Per i foucaultiani radicali, di primo, secondo e terz’ordine, la “profanazione” dei valori e delle norme sociali e morali restituisce l’umanità, la socialità, la natura alla purezza antistorica o astorica del loro “essere”. Che cosa sia, però, questo essere originario in nome del quale si misurano e si giudicano i vincoli costrittivi e le aberrazioni storiche, nessuno è riuscito a dirlo. Contro il cattivo “due” di ragione e follia, norma e trasgressione, che si alimentano a vicenda, si dovrebbe perseguire quell’“uno” buono che fa pensare o all’utopia comunista o al paradiso terrestre.
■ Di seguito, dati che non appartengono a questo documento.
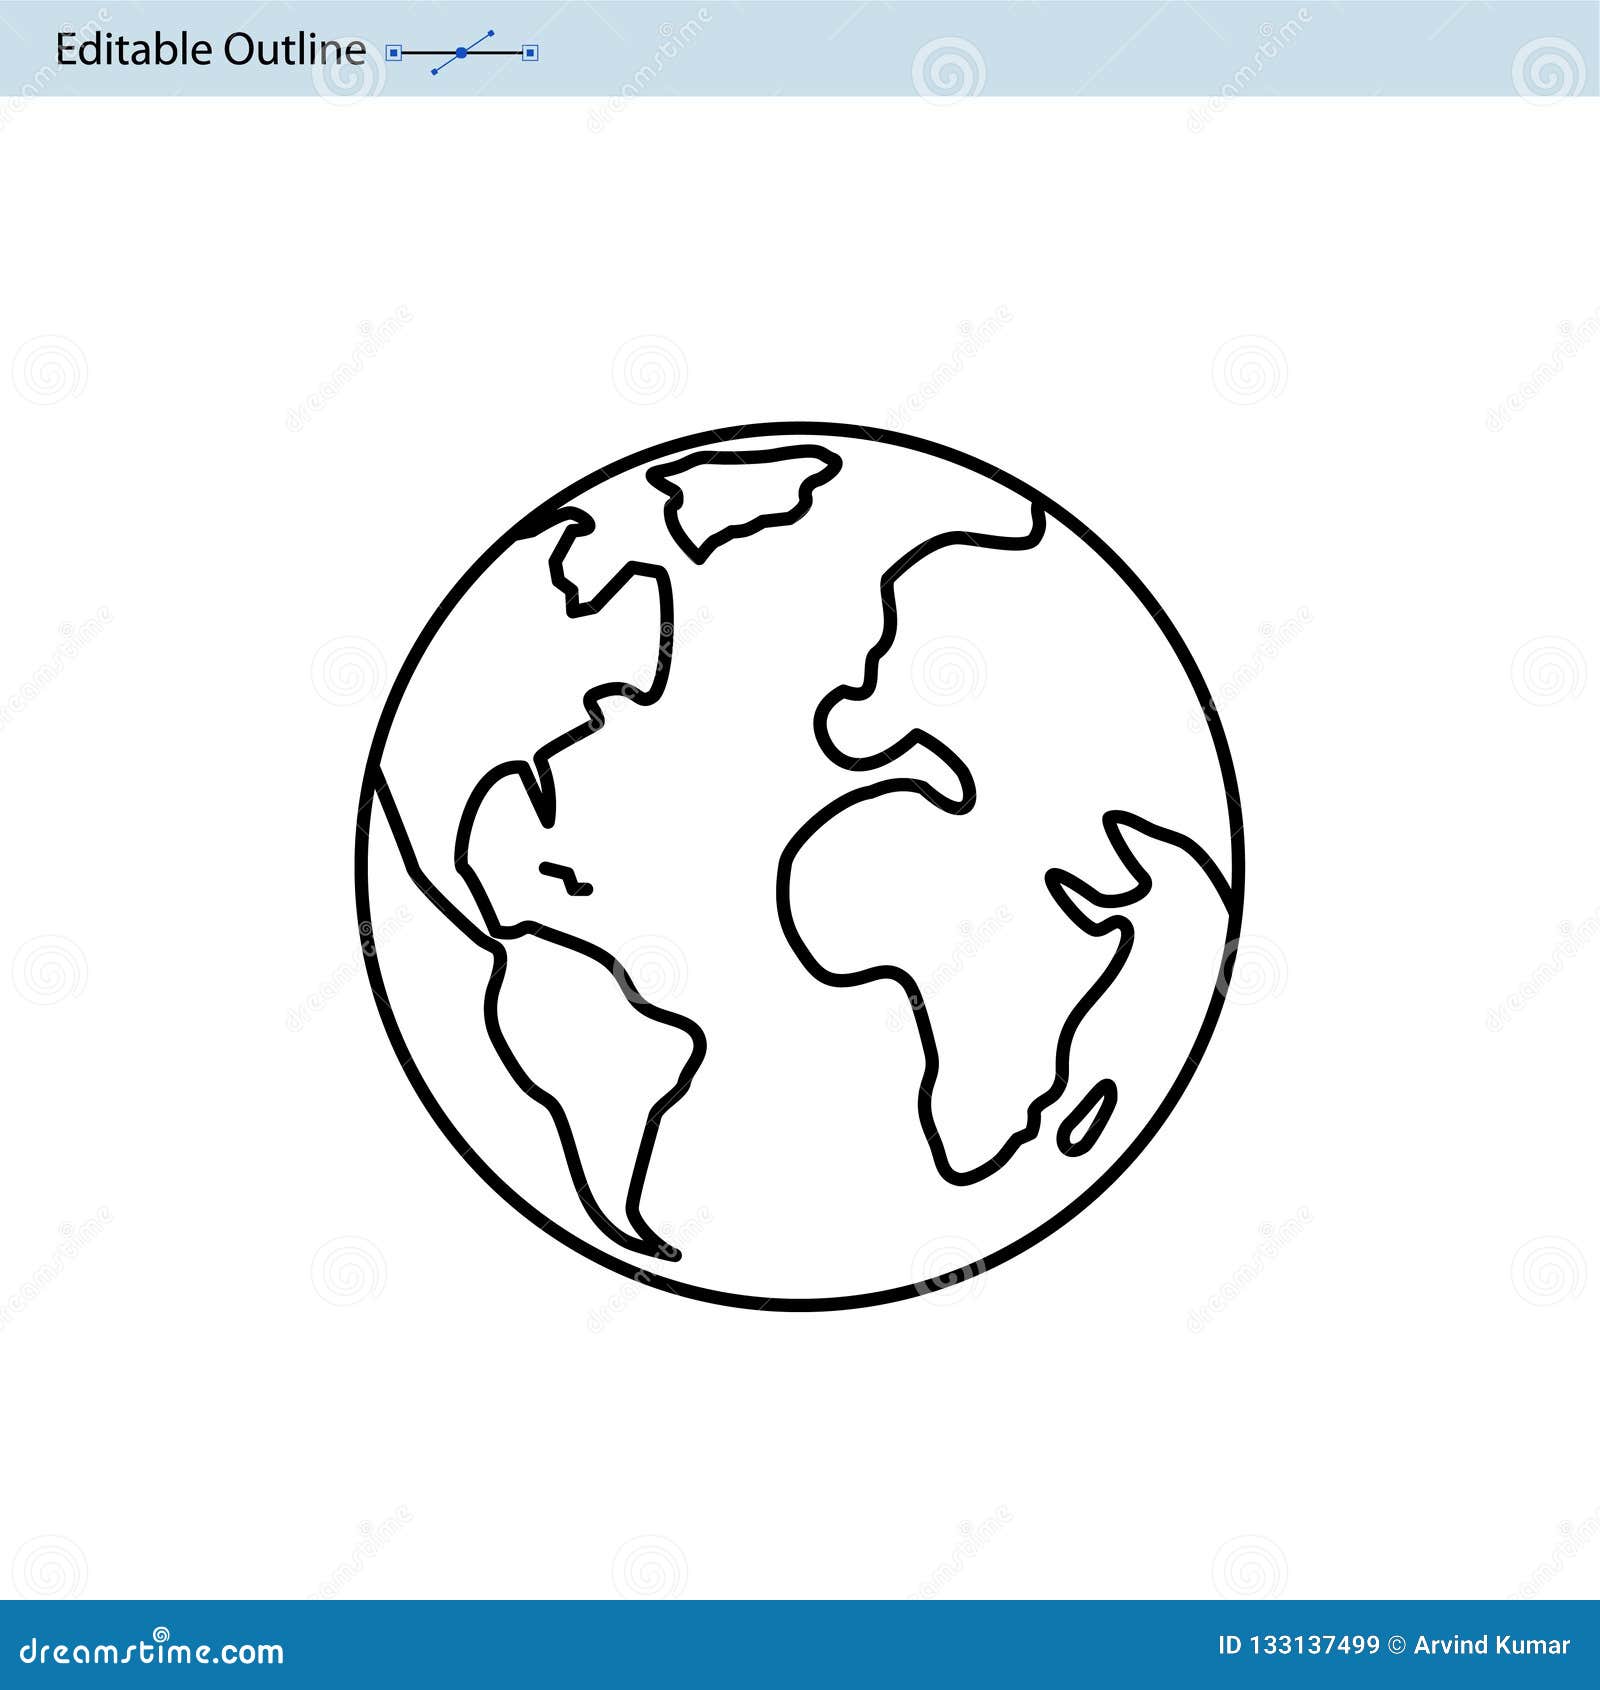 earth icon, world icon, globe icon, planet

Ma qui ho messo il piede nel groviglio tra French Theory e Italian Thought e nei sofistici, oscuri magnetismi scolastici su cui l’equivoca ma proficua alleanza si regge. Insomma, da Bataille e Foucault a Toni Negri e Agamben. Torno al povero Didier Fassin che, bisogna dire, filosofeggia poco (benché implicitamente presupponga), muovendosi più cautamente tra fatti e statistiche. La sua ricerca vuole mostrare che “nell’ultimo decennio, il mondo è entrato in un’èra del castigo. Le infrazioni alla legge vengono sanzionate con sempre maggiore severità” e “la svolta repressiva (…) si protrae anche quando le attività criminali diminuiscono”. Per esempio: “In Italia, in quarant’anni, la popolazione carceraria è più che triplicata, e gran parte di questo numero si è prodotto negli anni Novanta, quando abbiamo assistito al raddoppio del numero dei detenuti (…) Una tendenza simile è osservabile in tutta Europa”. Ma la cosa si riscontra anche in America (Stati Uniti esclusi), in Asia, Africa e Oceania.
Se è vero, come diceva Hobbes più di tre secoli fa, che “un crimine è una colpa consistente nel fare, sia con le azioni che con le parole, ciò che è vietato dalla legge, oppure di non fare ciò che la legge prescrive”, allora bisogna supporre che la criminalità sociale aumenta e viene punita quanto più si moltiplicano le norme e quanto più lo stato legifera a proposito di qualunque comportamento. Quanto più la socialità si statalizza razionalizzandosi, tanto più si diventa tutti potenzialmente colpevoli. Una rete di norme ci avvolge.
Ma ancora una volta succede qualcosa di sospetto. Oltre al fatto che si punisce più spesso chi pecca ai livelli bassi della scala economica e sociale che non ai livelli alti del potere e del privilegio, accade per esempio che i politici e i militari non siano considerati colpevoli dei delitti e delle sventure provocate dalla loro azione o non azione. Sembra quasi che un ministro o un generale non siano persone ma entità anonime. Come ha scritto Kafka, “qualunque impressione faccia su di noi, egli è un servo della legge, dunque appartiene alla legge e sfugge al giudizio umano”.